Applicant Professor Dr. Ralf Littke, since 7/2020
Subject Area Palaeontology
Mineralogy, Petrology and Geochemistry
Geophysics
Physical Chemistry of Molecules, Liquids and Interfaces, Biophysical Chemistry
Fluid Mechanics
Theoretical Chemistry: Molecules, Materials, Surfaces
Term from 2018 to 2021
Project identifier Deutsche Forschungsgemeinschaft (DFG) - Project number 392108477
 
Final Report Year 2021

Final Report Abstract

Fundamental aspects of gas transport in selected micro- and nanoporous materials (artificial and natural) were investigated jointly by experimental measurements and numerical modeling. Close co-operation of the partner institutes ensured feedback between experimentalists and modeler in terms of adjustment of experimental (starting and boundary) conditions, quality control, identification of first-order effects and dismissal of inadequate data or modeling concepts. • Within the range of Knudsen numbers covered by this study, complex 2nd and higher order fluiddynamic (slip-flow) models for gases were not required. In a geotechnical context, this finding can be instrumental in estimating fluid flow regimes and predicting production rates. • Permeability measurements with CO2 close to its critical point involve uncertainties related mainly to strong fluctuations in isothermal compressibility and, to a lesser extent, viscosity. The uncertainties may be reduced by improved experimental procedures (temperature control), but these improvements are not expected to be of much relevance for geotechnical applications. • Flow experiments with CO2 in this study were performed on dry samples, but since natural, geologic systems of interest always contain water, the adsorption of water and its effect on apparent and effective permeability requires further research. • Traditional/conventional fluid flow concepts should be reviewed and reassessed by direct and close co-operation of experimentalists and modeling specialists. The quality of literature data is often difficult to assess and misinterpretations may occur due to lack of communication between experimentalists and modelers. • A comprehensive experimental dataset could be established documenting an increase in apparent permeability at constant effective stress (Terzaghi definition) upon mechanical compression of a tight sandstone sample with significant clay content. This effect is attributed to widening (extension) of clay-coated transport pores in “pressure shadows”. • Two-phase flow experiments on a tight sandstone showed that the transport processes are controlled by viscous and slip flow up to a water saturation of 35-38%, whereas at water saturations >52% capillary-pressures affect the gas flow.

Publications

  • (2019). Lattice Boltzmann model for upscaling in heterogeneous porous media based on Darcy’s law. Journal of Porous Media, 22: 1131-1139
    Liu, G.Z., Liu, F.L., Li, M., Jin, X., Lv, W.F., Liu, Q., Wang, M.
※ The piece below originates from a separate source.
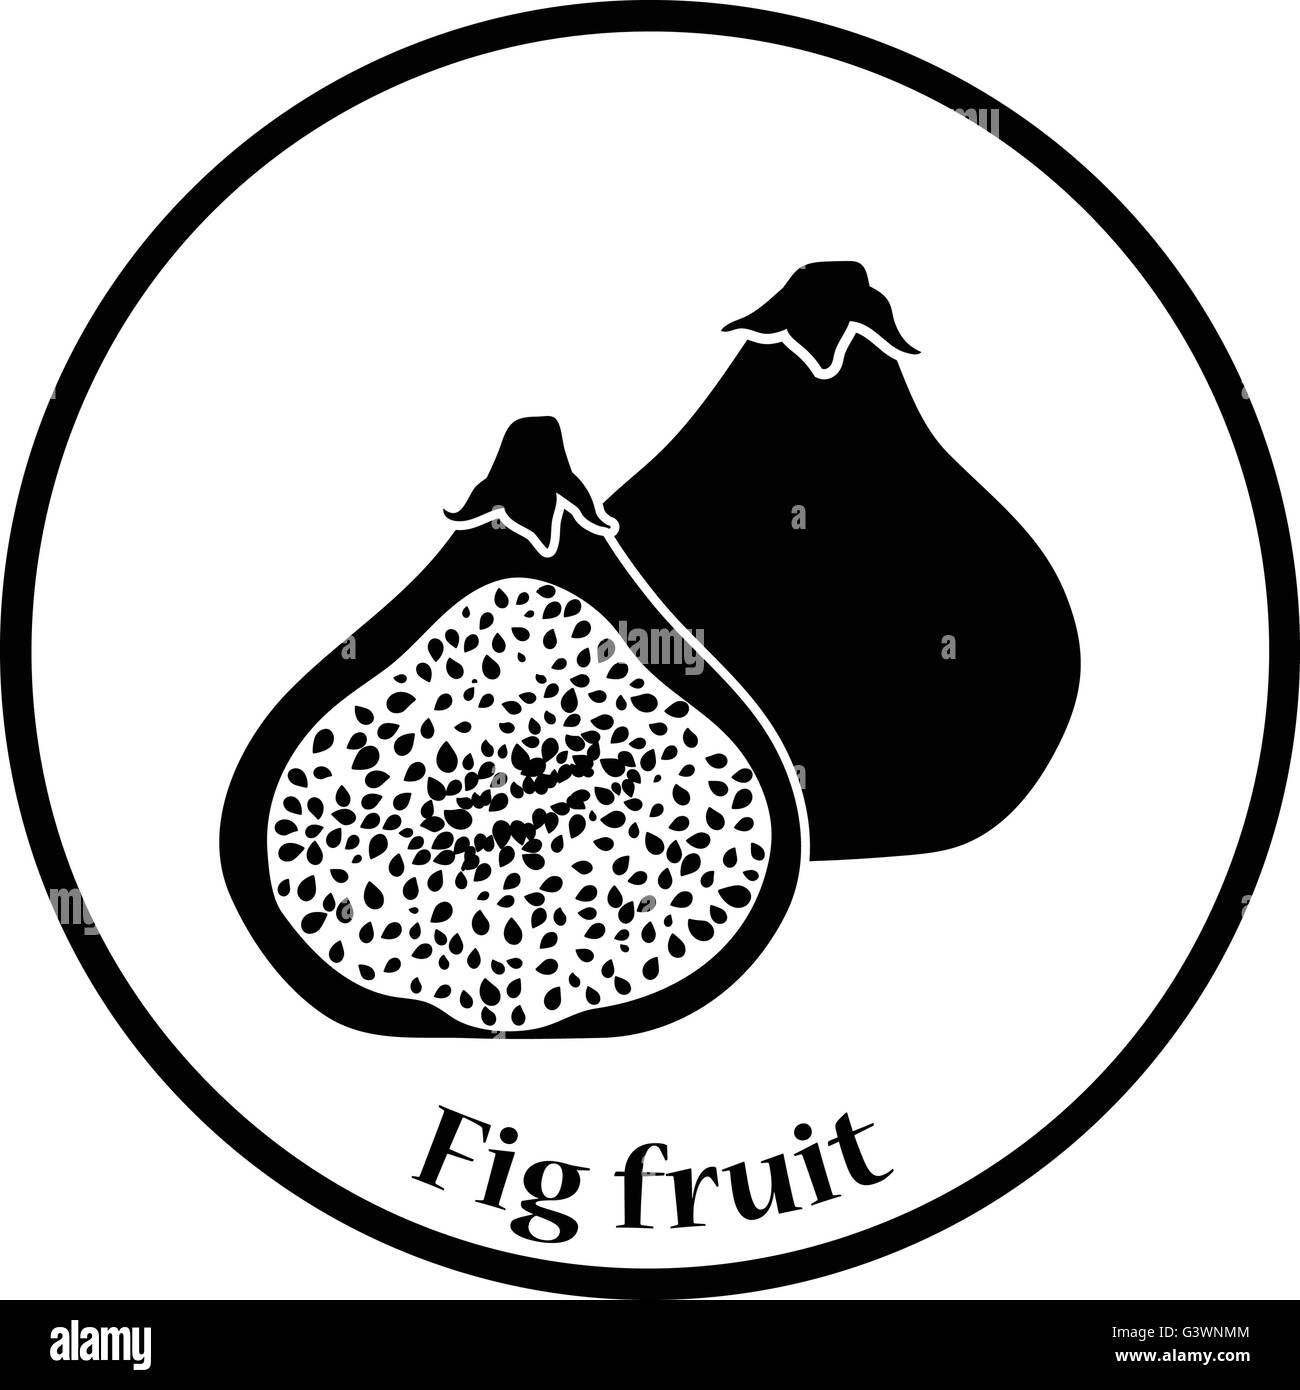 Icon of Fig fruit. Thin circle design. Vector illustration. Stock Vector

    (See online at https://doi.org/10.1615/JPorMedia.2019023331)
  • (2019, May 06–10). A semi-analytical interpretation model of pulse decay measurements on ultra-tight rocks. Interpore2019: 11th annual meeting, Valencia, Spain
    Wang, Y., Nolte, S., Gaus, G., Amann-Hildenbrand, A., Krooss, B.M., Wang, M.
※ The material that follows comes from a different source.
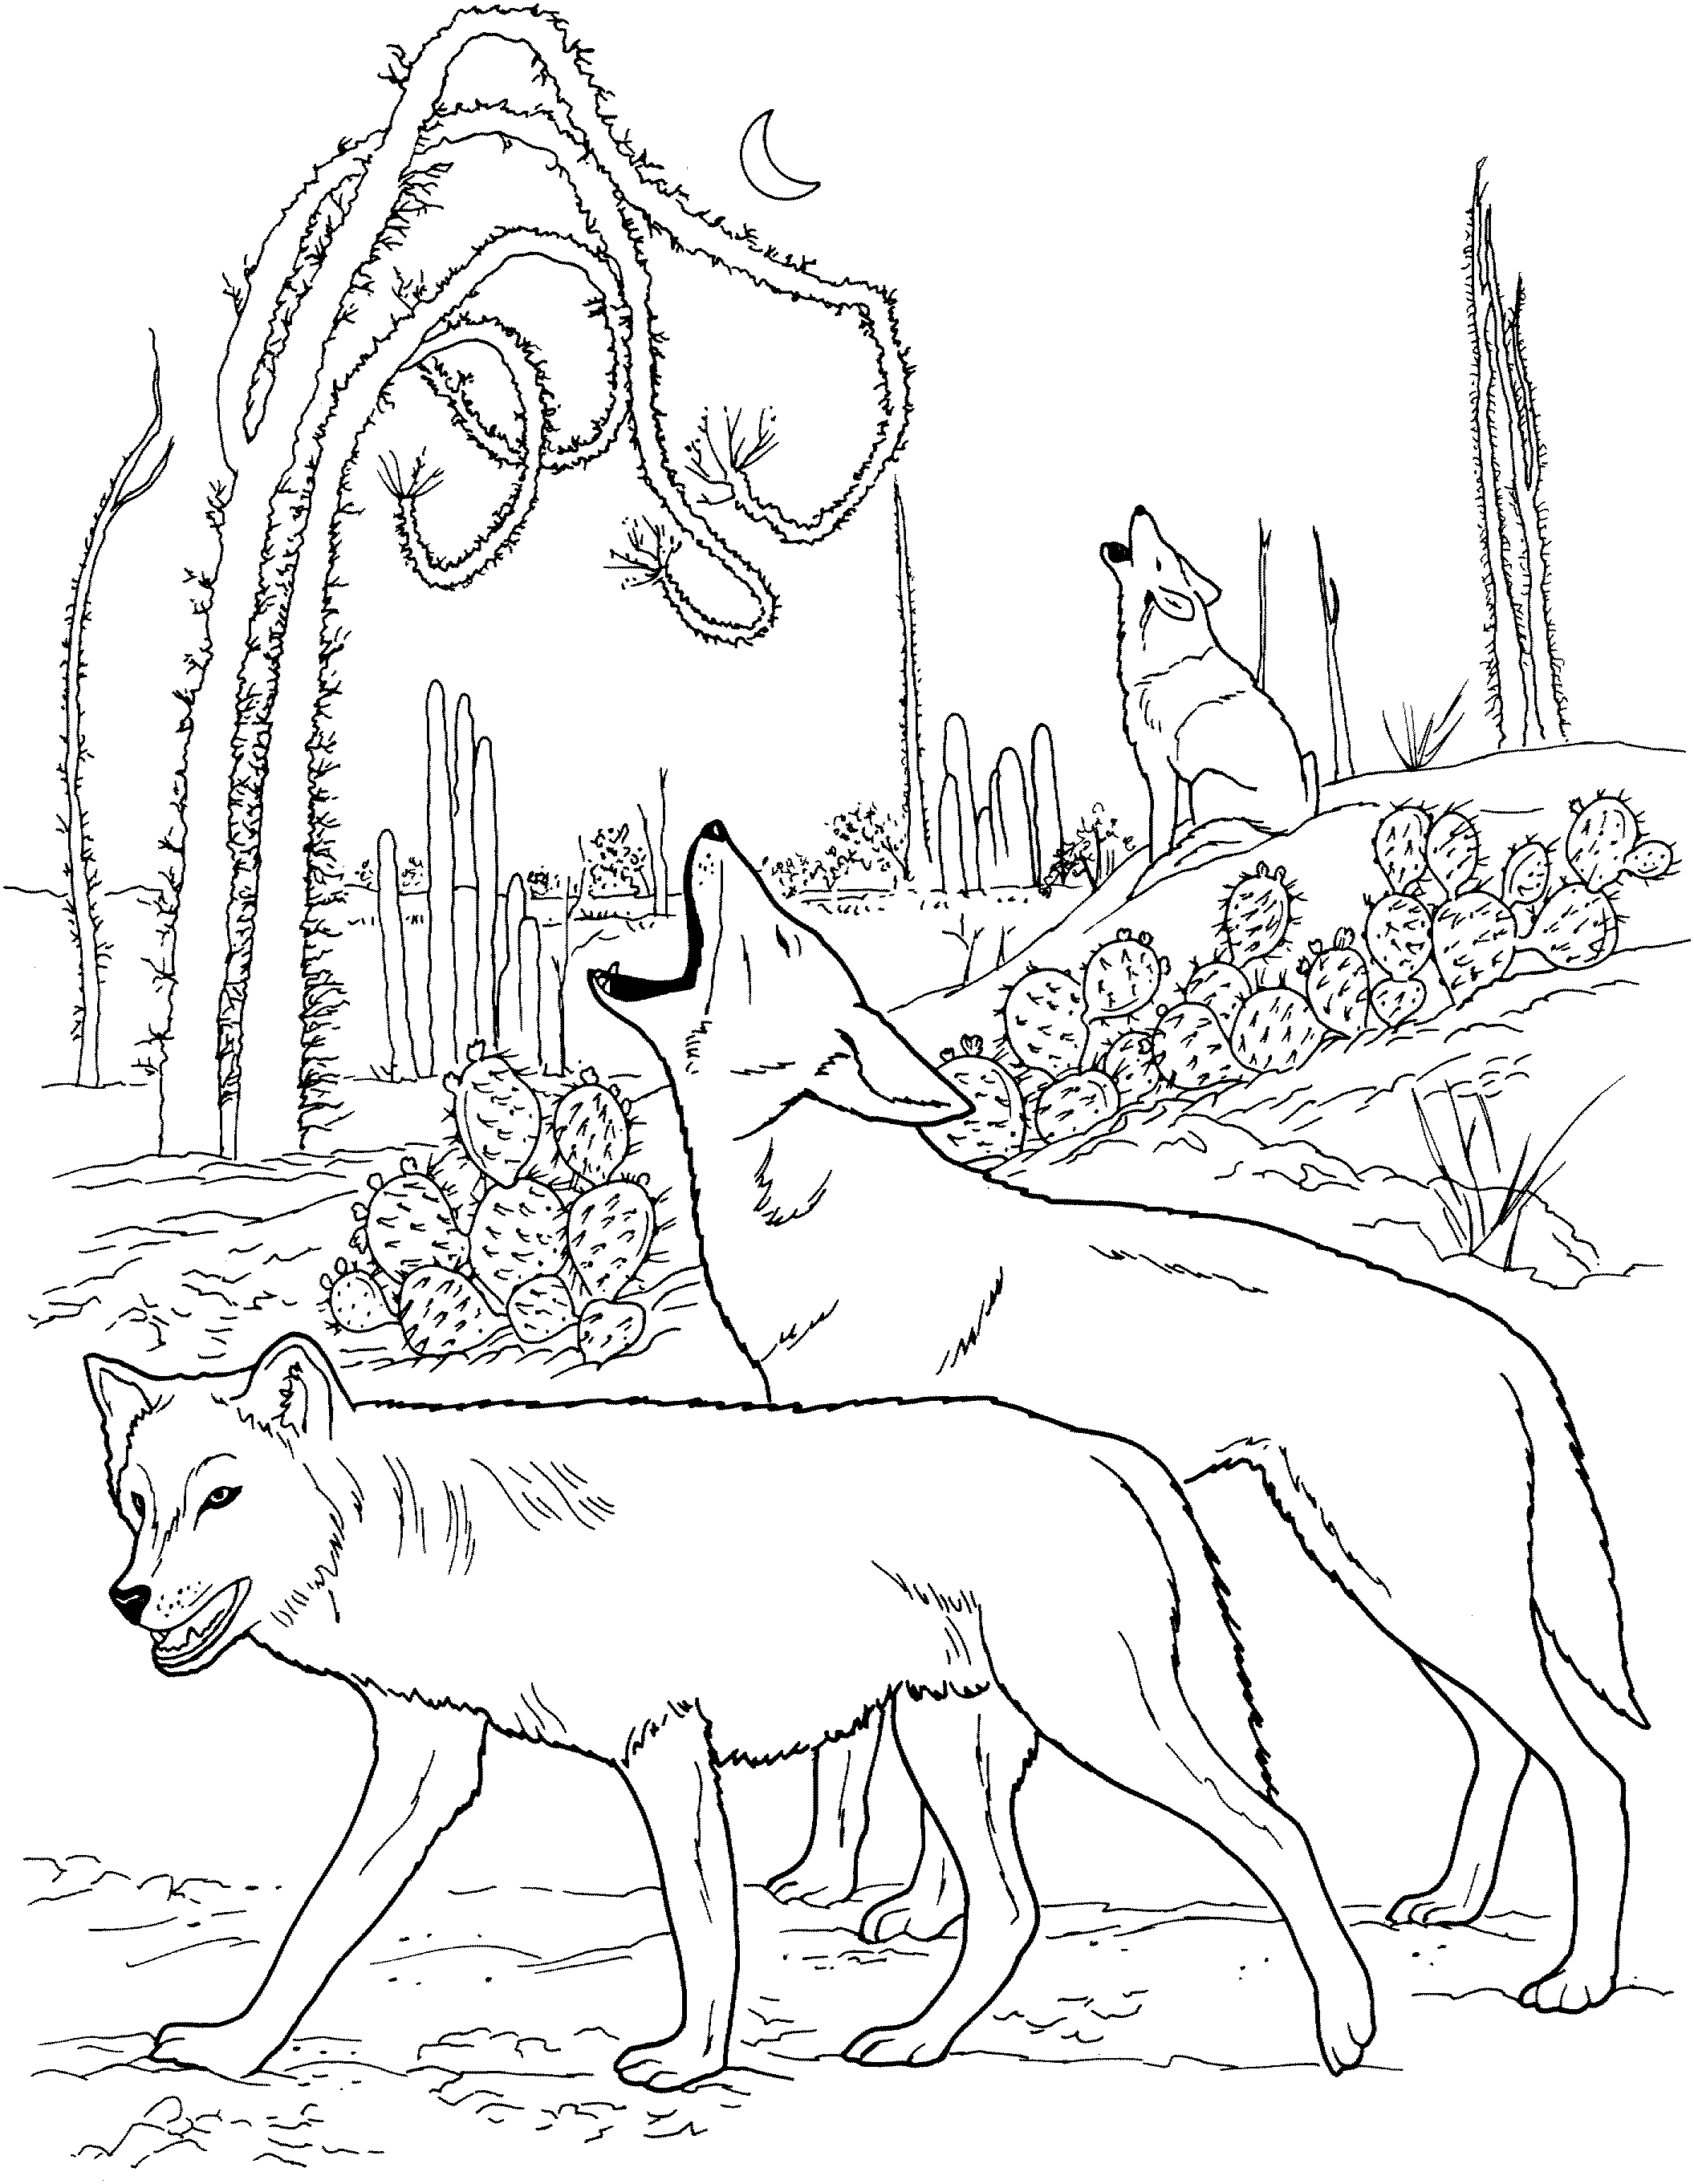 wolves colouring pages wolf drawing for kids at getdrawings free download wolves colouring pages

  • (2019, May 06–10). Experimental gas permeability studies on synthetic microporous materials. Interpore2019: 11th annual meeting, Valencia, Spain
    Nolte, S., Wang, Y., Fink, R., Krooss, B.M., Amann-Hildenbrand, A., Wang, M., Schmatz, J., Klaver, J.
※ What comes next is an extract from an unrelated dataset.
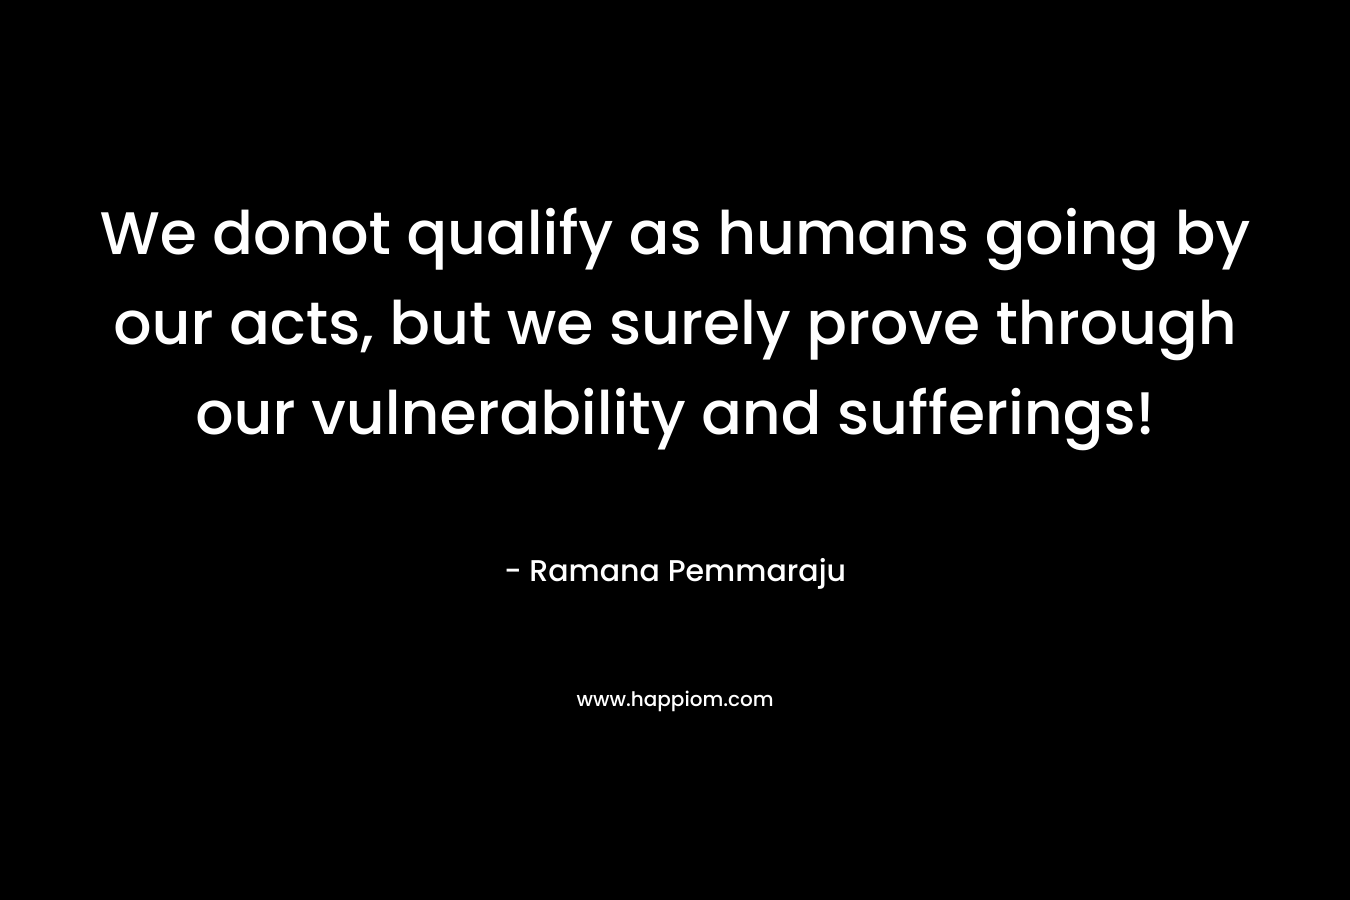 We donot qualify as humans going by our acts, but we surely prove through our vulnerability and sufferings! – Ramana Pemmaraju

  • (2020). Compaction effects on permeability of spherical packing. Engineering Computations, Vol. 37 No. 9, pp. 3079-3096
    Zhang, D., Tian, Z., Chen, Z., Wu, D., Zhou, G., Zhang, S. and Wang, M.
    (See online at https://doi.org/10.1108/EC-01-2020-0015)
  • (2020, August 31 – September 04). Flow of CO2 in “nanoporous” media near the critical point: Experimental challenges. Interpore2020: 12th annual meeting, Quingdao, China (online)
    Nolte, S., Wang, Y., Fink, R., Krooss, B.M., Wang, M., Amann-Hildenbrand
  • (2021). Transport configuration and tail dynamics of sphericalparticle motion through immiscible fluids interfaces. Chemical Engineering Science 229: 116091
    Chen, Z.Q., Wang, M., Chen, S.Y.
    (See online at https://doi.org/10.1016/j.ces.2020.116091)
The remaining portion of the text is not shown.